Isaiah Foster

Personal information
- Date of birth: August 12, 2003 (age 22)
- Place of birth: Frederick, Maryland, United States
- Height: 5 ft 11 in (1.80 m)
- Position: Defender

Team information
- Current team: Colorado Springs Switchbacks
- Number: 12

Youth career
- 2012–2022: Bethesda SC

Senior career*
- Years: Team / Apps / (Gls)
- 2022: Colorado Springs Switchbacks / 22 / (1)
- 2023–2024: FC Cincinnati / 1 / (0)
- 2023–2024: FC Cincinnati 2 / 39 / (0)
- 2025–: Colorado Springs Switchbacks / 16 / (0)

= Isaiah Foster =

American soccer player (born 2003)

Isaiah Foster (born August 12, 2003) is an American professional soccer player who plays for USL Championship club Colorado Springs Switchbacks.

== Career ==
=== Youth ===
Foster played with Bethesda SC from 2012. In 2016 he was selected for the National Identification and Development Program's ALL id2 team, where he was ranked one of the top eleven in the camp by Top Drawer Soccer. He has been on two champion teams; the Dallas SuperCopa and the Dallas Cup.

=== Professional ===
On February 17, 2022, Foster signed a professional contract with USL Championship club Colorado Springs Switchbacks.
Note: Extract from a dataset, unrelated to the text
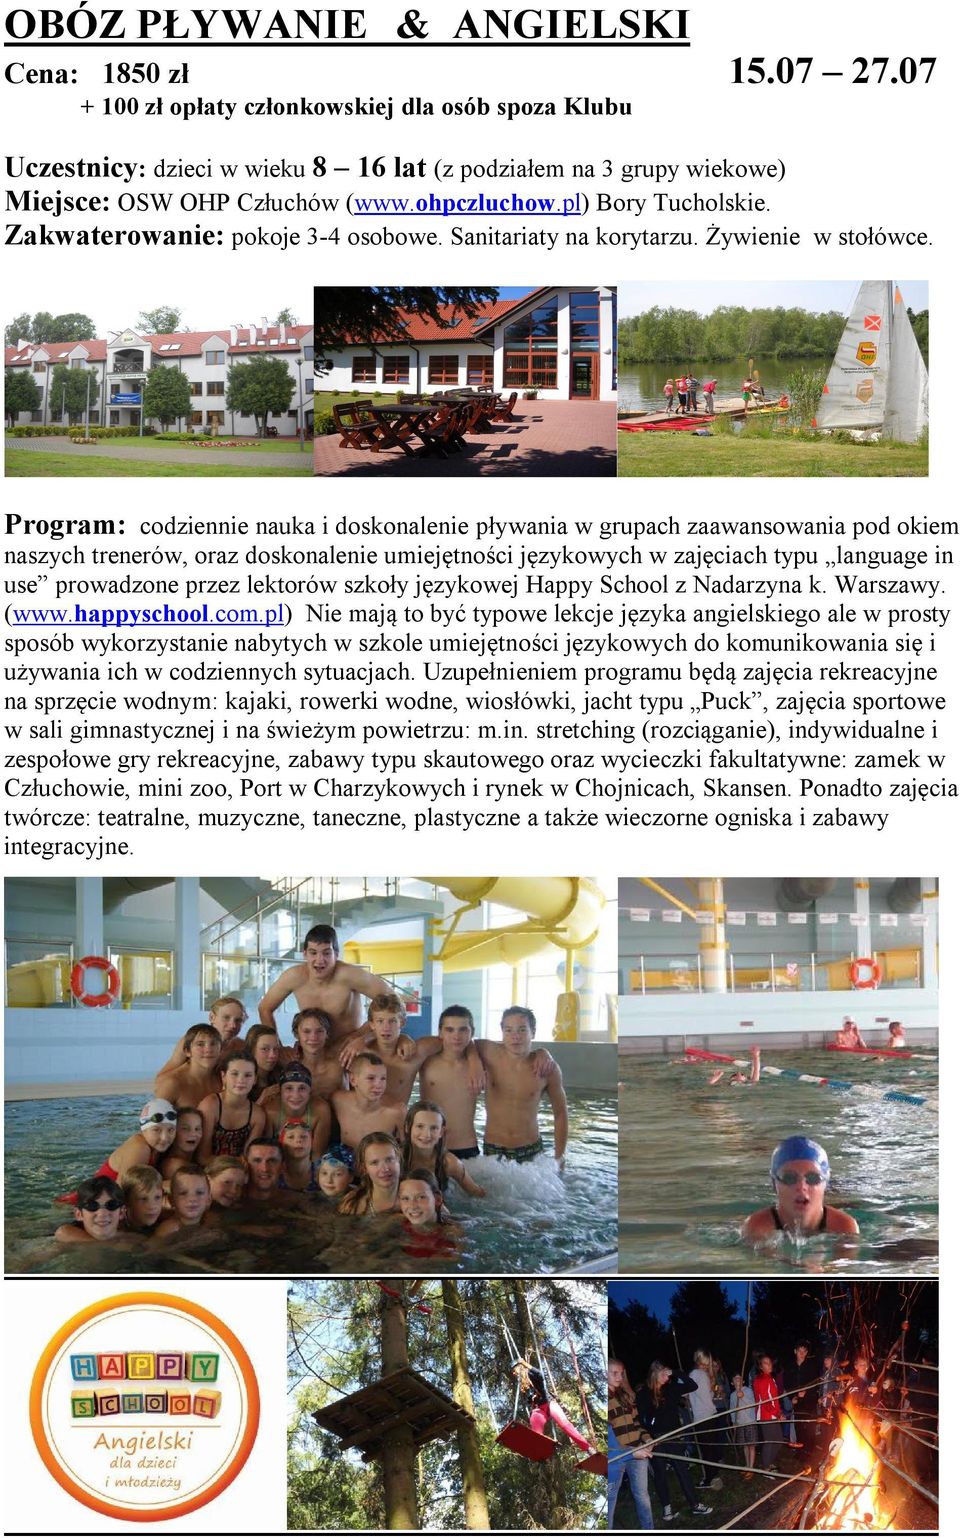 Program: codziennie nauka i doskonalenie pływania w grupach zaawansowania pod okiem naszych trenerów, oraz doskonalenie umiejętności językowych w zajęciach typu language in use prowadzone przez

He made his professional debut on March 19, 2022, appearing as an injury-time substitute during a 1–0 win over Monterey Bay FC.

On January 5, 2023, FC Cincinnati acquired Foster via MLS Waivers. In order to acquire Foster, Cincinnati traded $50,000 in General Allocation Money to D.C. United in exchange for the number one spot in the MLS Waiver Order. After being released by Cincinnati following the 2024 season, Foster re-joined his former club Colorado Springs Switchbacks ahead of the 2025 season.